Polar Bear Alberta Oil Sands Protest in Vancouver [2]
It's not everyday you encounter a polar bear on Vancouver's famous Sea Wall. Especially a really cranky one raising awareness about the environmental impacts of the Alberta Oil Sands industry. [7]
You can check out the latest pictures we have uploaded to our Flickr account [8]as part of DeSmog's Arctic Front initiative. [9]
We have polar bears deployed all over Canada and since the initiative has become so popular, we now have polar bears deployed all over the world, including: Colombia, India, Denmark, the United Kingdom, Australia, Israel, and the United States (LA, Texas and DC).
If you're interested in joining up (and dressing up), please drop us a line at: desmogblog[at]gmail[dot]com.
We also have a very active Facebook group [10] if you would like to join up.
Here's a few factoids about the massive environmental impacts the Alberta Oil Sands [7] are having on our environment:
- Oil Sands operations could eventually cover 149,000 square kilometers of pristine forest - that's an area roughly the size of Florida.
- Each day the oil sands use 600 million cubic feet of natural gas to, in effect, melt the tarry sludge into a usable form - that's enough natural gas to heat more than 3 million Canadian homes.

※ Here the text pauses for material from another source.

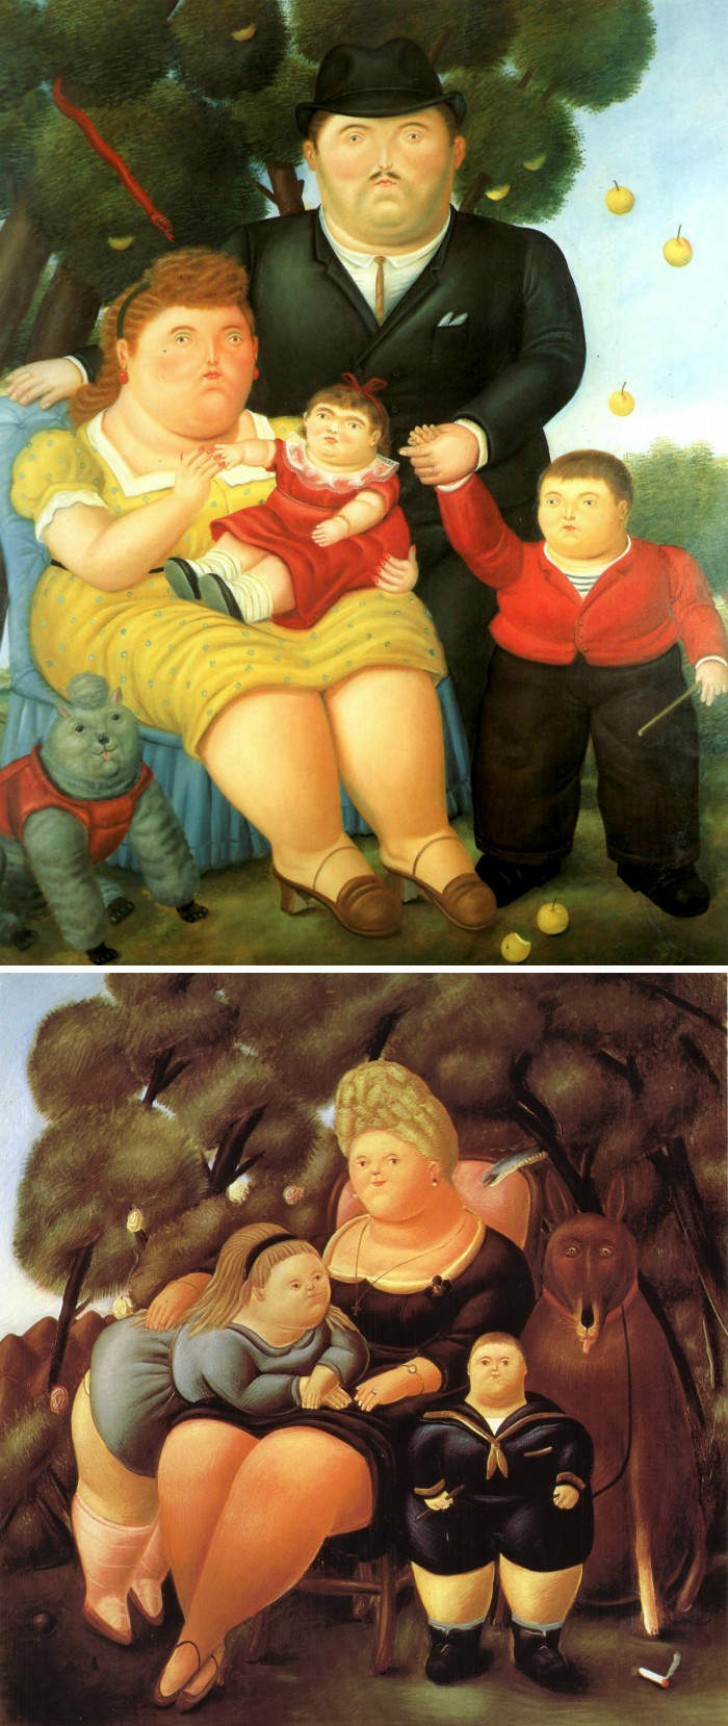 Si les personnages peints sont potelés et fiers de l'être, ce ne peut être qu'un Fernando Botero !

- Producing a barrel of oil from the tar sands produces three times more greenhouse gas than a barrel of conventional oil.
- Oil sands operations use about the same amount of freshwater in a year that the entire City of Calgary uses (population 1 million) - 90% of this freshwater ends up in toxic tailing ponds.
- Toxic tailing ponds already cover more than 50 square kilometers and are considered to be one of largest man-made structures in the world.